Optimizing 0-1 Knapsack with 1D Dynamic Programming Using Rolling Arrays
0-1 Knapsack Problem with Rolling Array Optimization
Understanding the Problem
The 0-1 knapsack problem is a classic optimization challenge where we aim to maximize the value of items placed in a knapsack with a fixed capacity. Each item can either be included (1) or not included (0), hence the name 0-1 knapsack.
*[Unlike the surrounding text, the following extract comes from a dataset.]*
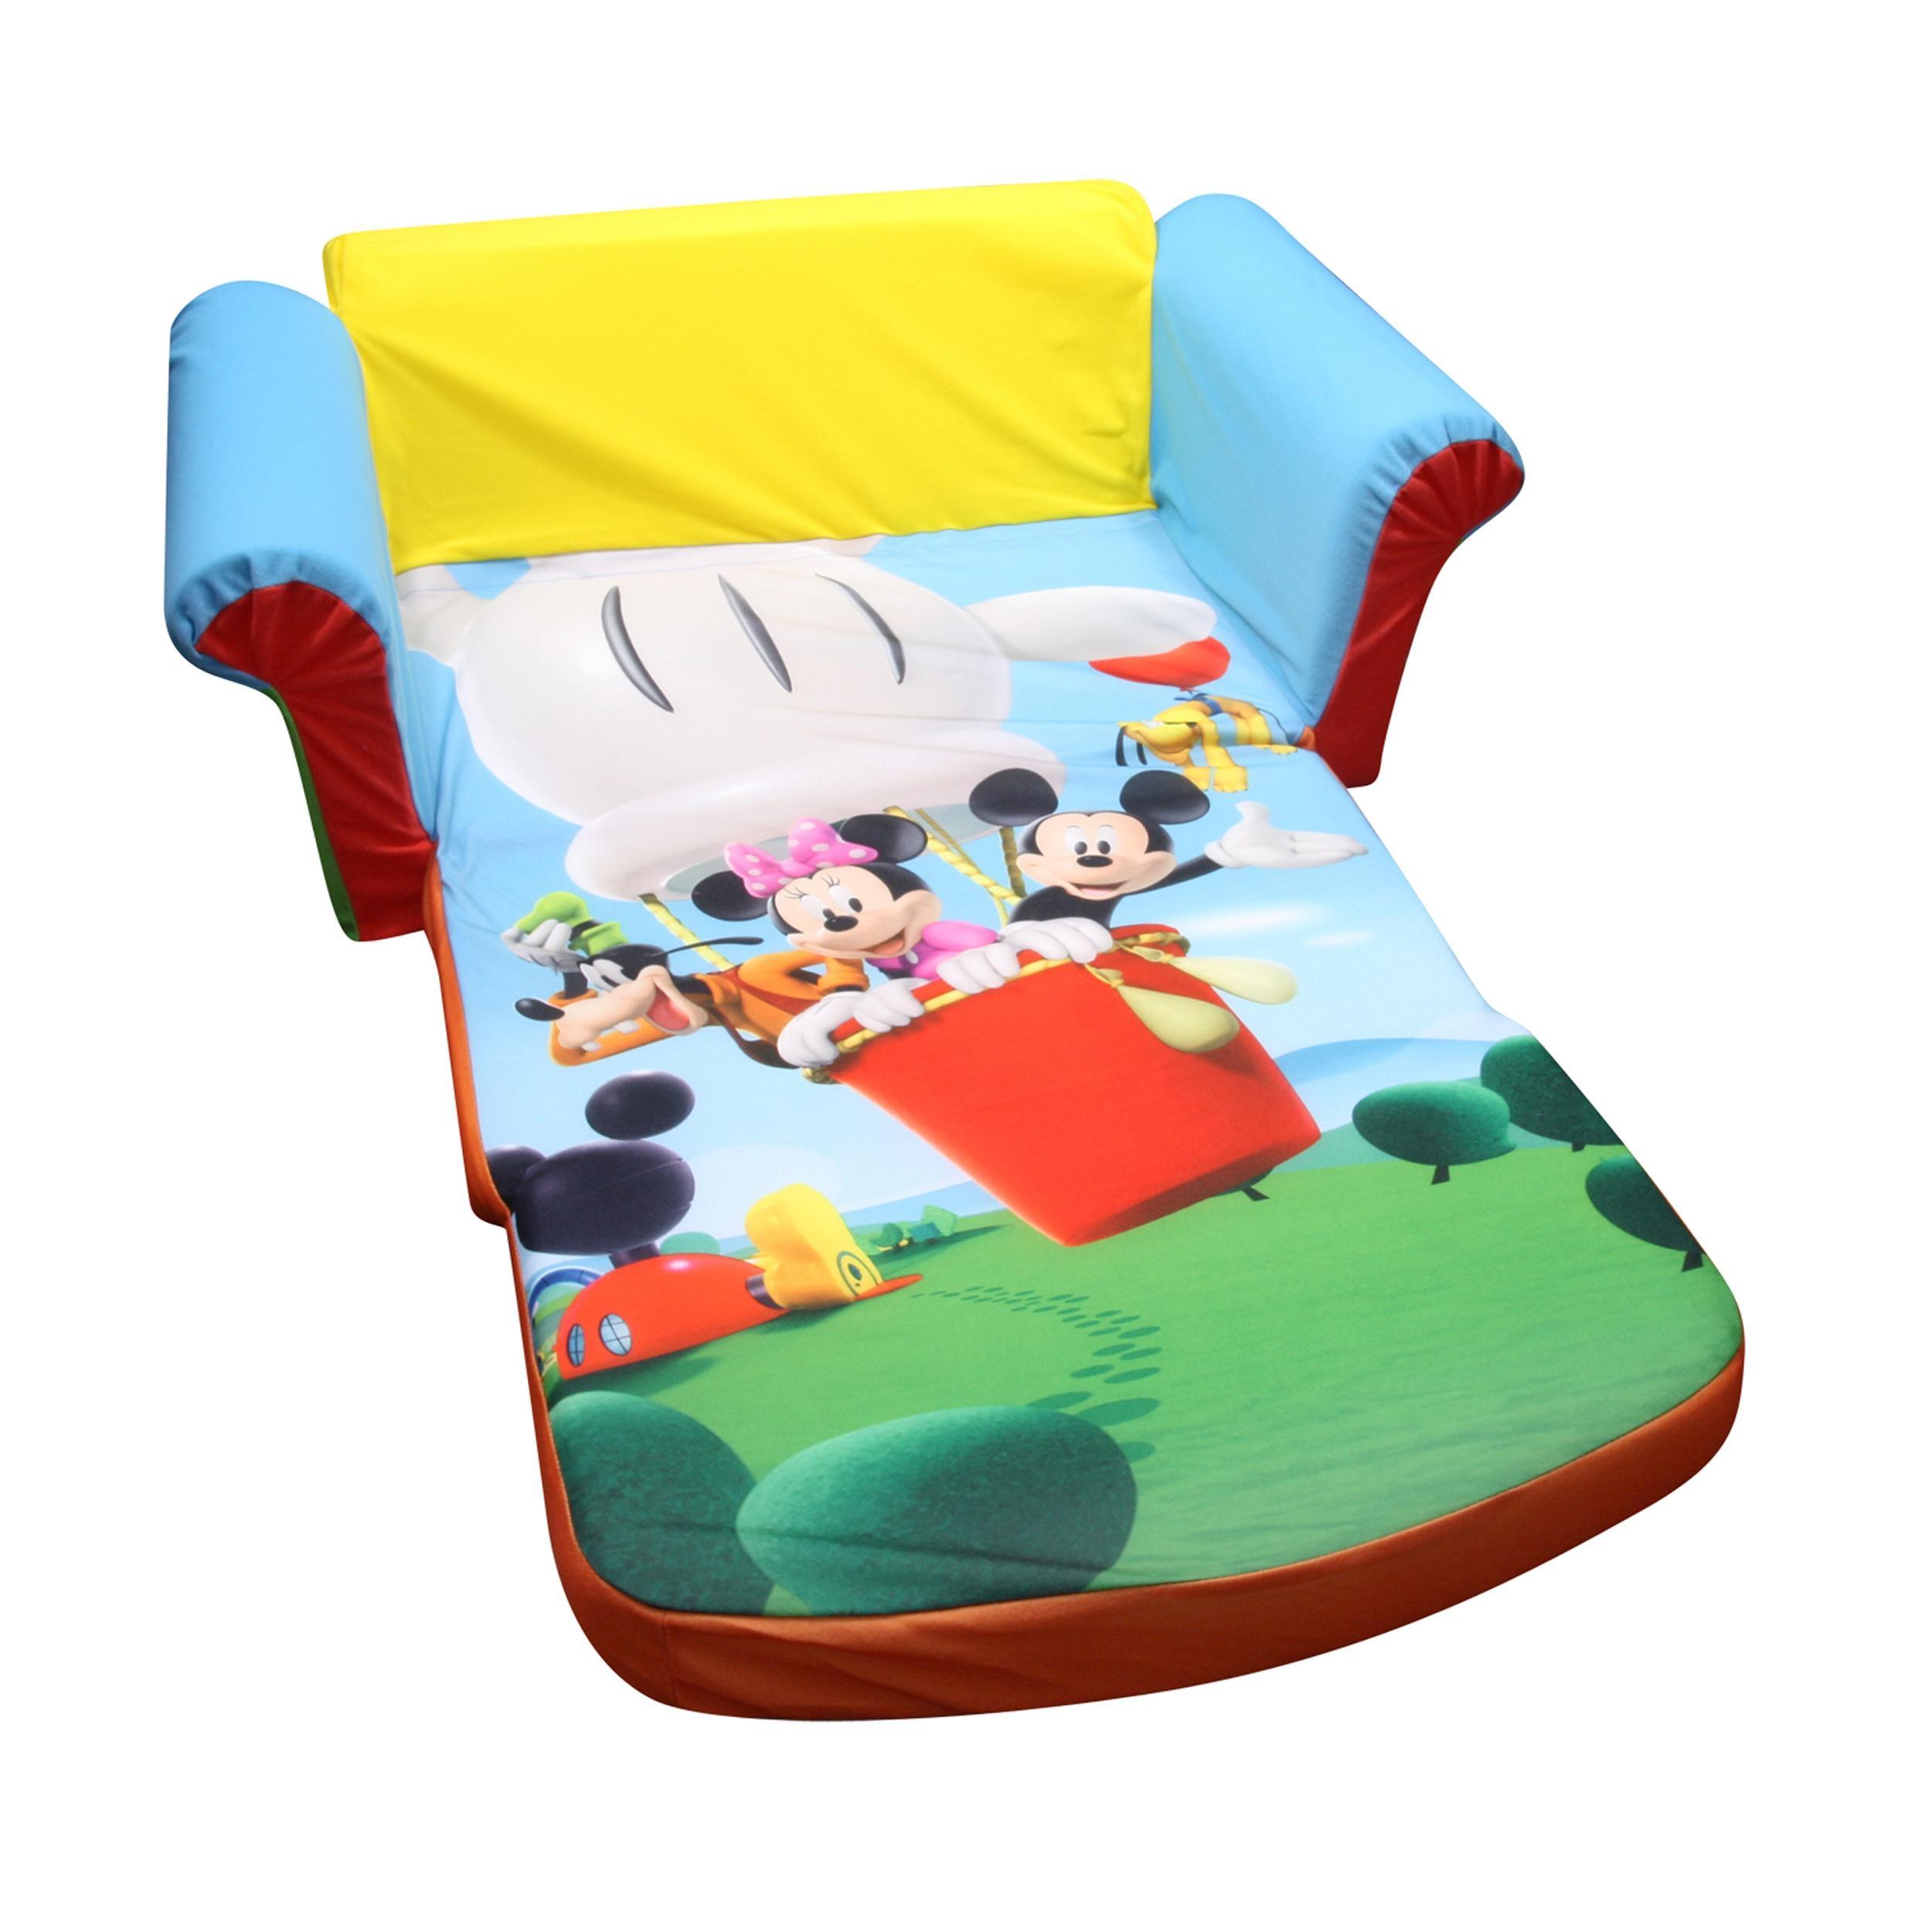 Marshmallow Furniture, Children's 2 In 1 Flip Open Foam Sofa Regarding Mickey Flip Sofas (Image 5 of 20)

Standard 2D Dynamic Programming Approach
The conventional solution uses a two-dimensional array to store intermediate results. The state dp[i][j] represents the maximum value achievable with the first i items and a knapsack capacity of j.
#include <iostream>
#include <vector>
#include <algorithm>
const int MAX_CAPACITY = 1010;
const int MAX_ITEMS = 1010;
int main() {
int itemCount, knapsackCapacity;
std::cin >> itemCount >> knapsackCapacity;
std::vector<int> volumes(itemCount + 1);
std::vector<int> values(itemCount + 1);
std::vector dp(itemCount + 1, std::vector<int>(knapsackCapacity + 1, 0));
for (int i = 1; i <= itemCount; i++) {
std::cin >> volumes[i] >> values[i];
}
for (int i = 1; i <= itemCount; i++) {
for (int j = 1; j <= knapsackCapacity; j++) {
if (j >= volumes[i]) {
dp[i][j] = std::max(dp[i-1][j], values[i] + dp[i-1][j-volumes[i]]);
} else {
dp[i][j] = dp[i-1][j];
}
}
}
std::cout << dp[itemCount][knapsackCapacity] << std::endl;
return 0;
}
Optimization with Rolling Arrays
Observing the 2D approach, we notice that each state dp[i][j] only depends on the previous row dp[i-1][j]. This insight allows us to optimize space complexity by using a single-dimensional array and updating it in reverse order.
Key Insight
Instead of maintaining a full 2D array, we can use a 1D array where dp[j] represents the maximum value achievable with the current items and capacity j. By iterating backwards through the capacities, we ensure we don't overwrite values needed for subsequent calculations.
Implementation
#include <iostream>
#include <vector>
#include <algorithm>
const int MAX_CAPACITY = 10010;
int main() {
int itemCount, knapsackCapacity;
std::cin >> itemCount >> knapsackCapacity;
std::vector<int> volumes(itemCount);
std::vector<int> values(itemCount);
std::vector<int> dp(knapsackCapacity + 1, 0);
for (int i = 0; i < itemCount; i++) {
std::cin >> volumes[i] >> values[i];
}
for (int i = 0; i < itemCount; i++) {
for (int j = knapsackCapacity; j >= volumes[i]; j--) {
dp[j] = std::max(dp[j], dp[j - volumes[i]] + values[i]);
}
}
std::cout << dp[knapsackCapacity] << std::endl;
return 0;
}
Why Reverse Iteration?
The reverse iteration is crucial for the correctness of the optimized solution. If we iterate forward, we might use the updated values within the same iteration, effectively allowing multiple uses of the same item (which violates the 0-1 knapsack constraint). By iterating backwards, we ensure each item is only considered once.
Complexity Comparison
| Approach | Time Complexity | Space Complexity |
|---|---|---|
| 2D DP | O(n × w) | O(n × w) |
| 1D DP (Rolling Array) | O(n × w) | O(w) |
The rolling array optimization significantly reduces space complexity while maintaining the same time complexity, making it particularly useful for problems with large capacity constraints.